Activists rally to stop the closure of Interfaith Medical Center (38417)

The vitals of Interfaith Medical Center are not looking good. The hospital, which once boasted of 12 satellite care centers nearby; of serving more than half a quarter million patients every year; of taking its care to the streets and helping nearly 44 people every day with its Mobile Crisis Team; and of annual operating earnings that once reached $200 million, has been anything but boastful as of late. Try “broke.” Last week, the hospital’s lawyers filed for Chapter 11 bankruptcy protection.

“This filing will allow us to restructure our balance sheet, renegotiate some existing agreements and reposition the hospital for long-term viability, strength, success and growth,” said Luis A. Hernandez, president and CEO of Interfaith Medical Center.

Interfaith’s financial book has been severely in the red. Last year, the hospital sustained a $9.5 million operating loss. The year before that, it took on losses of $55 million.

“The reimbursements we’re getting per patient went down drastically,” Errol Rayson, a nurse at Interfaith, said in a televised interview. “And we don’t get any grants anymore from the state, so we are on our own.”

So too may be residents of the surrounding communities, at Crown Heights and Bedford-Stuyvesant. If Interfaith shuts its doors, it would be the second hospital in the area to do so, after St. Mary’s in 2007.

Interfaith is one of four remaining hospitals in Central Brooklyn. With just 287 beds, it’s one of the smallest, but Interfaith employs over 1,600 people, making it one of the largest employers in Bedford-Stuyvesant and Crown Heights. What’s more, no other hospital in New York City takes in as many poor patients.

Its focus on the poor has been a core of Interfaith’s mission since it began in 1983 as a privately held joint collaboration between Brooklyn Jewish Hospital and St.
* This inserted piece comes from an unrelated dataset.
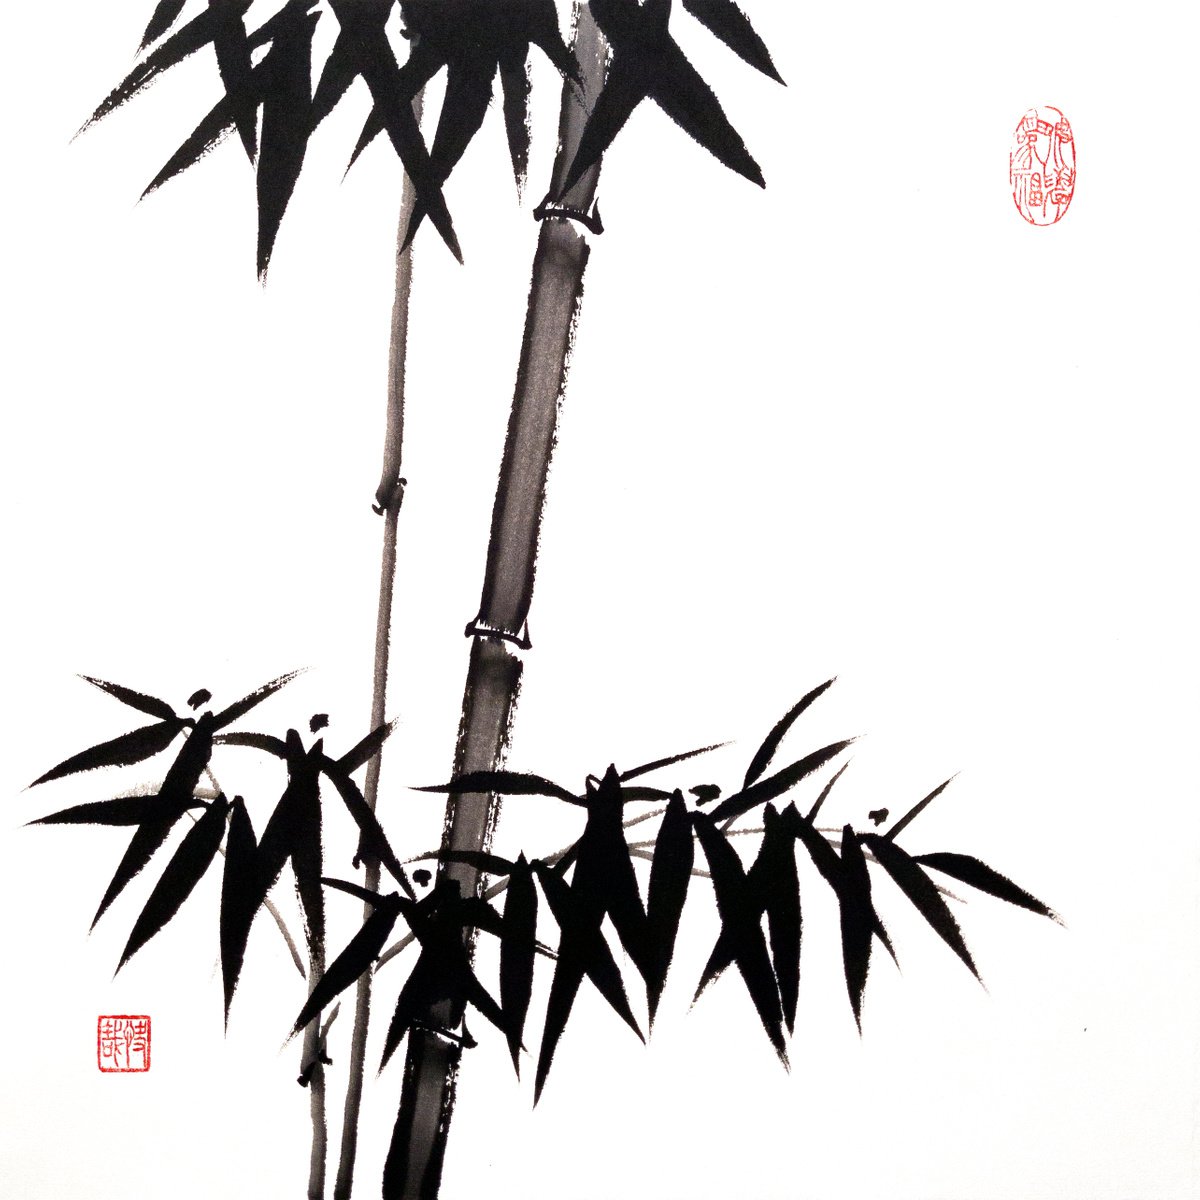 Two bamboo branches - Bamboo series No. 2122 - Oriental Chinese Ink Painting by Ilana Shechter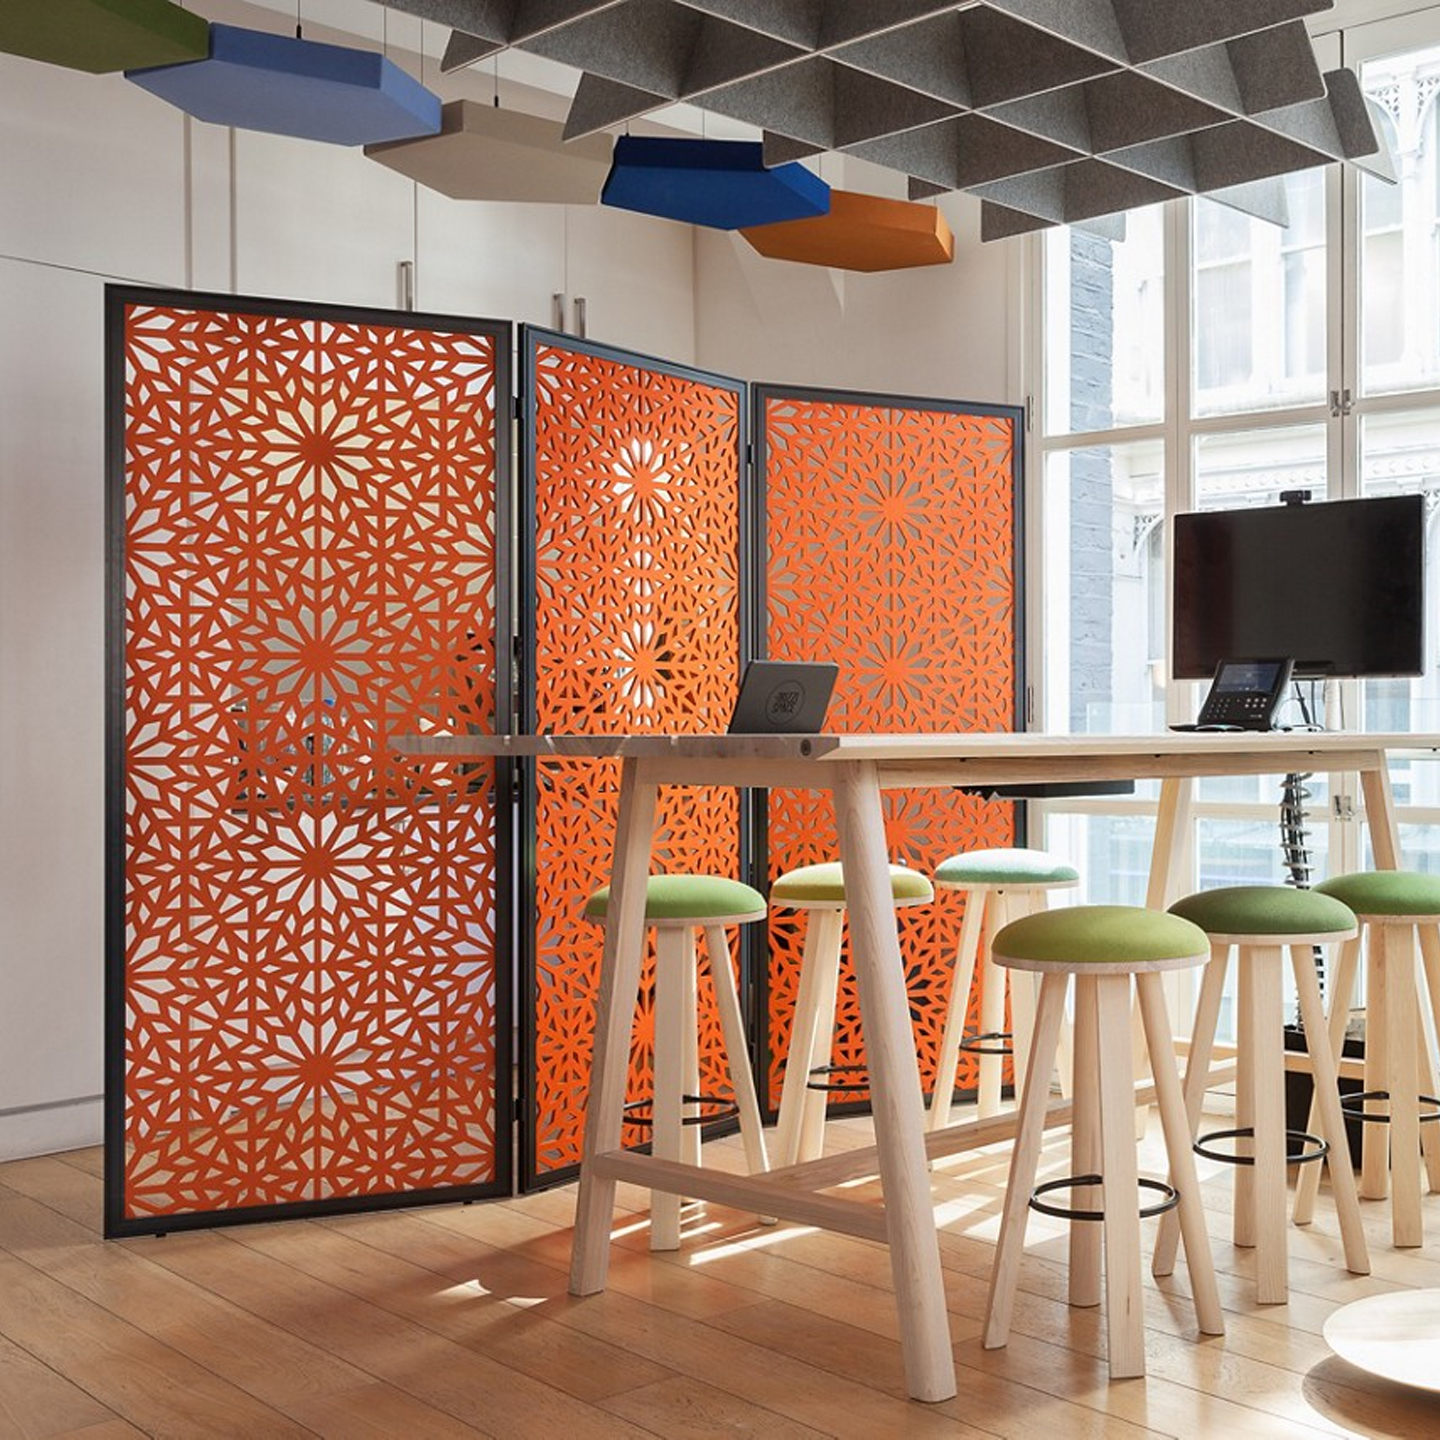 Haworth Buzzifalls Standing screen in orange color with black trim by open collaboration area

John’s Episcopal Hospital (the building Interfaith now occupies).

Though Interfaith hospital will not close anytime soon, due to the fact that Chapter 11 processes may take well over a year to conclude, the threat of closure still looms over it.

Officials at Interfaith say they need between $10 million to $30 million to keep threats of closure at bay. However, the threat of closure originated in Albany, and when the very state attacks you, which state agency can you run to for help?

“Unfortunately, our hospital was a victim of New York state’s drastic Medicaid reductions in 2010,” Hernandez said. “Because the people we serve are predominantly poor and fully 65 percent are dependent on Medicaid or Medicaid-managed care, we have had a unique deleterious financial challenge of being dependent on the state’s Medicaid reimbursements.”

Since the fall of last year, the hospital has sounded the horn of its cash-strapped status, making noise and sending S.O.S. letters to state officials and Gov. Andrew Cuomo’s office for help.

But to little avail. Interfaith’s largest creditor, the New York state agency known as the Dormitory Authority, could offer some relief, as owner to $130 million in loans. Yet, it reportedly won’t help unless preconditions are met. The Dormitory Authority is a state regulator of government financing. Cuomo, famous for his 2 percent across-the-board cuts, wants desperately to cut state expenditures, and has his eyes on Interfaith merging under the umbrella of the Brooklyn Hospital Center, nearby in Fort Greene.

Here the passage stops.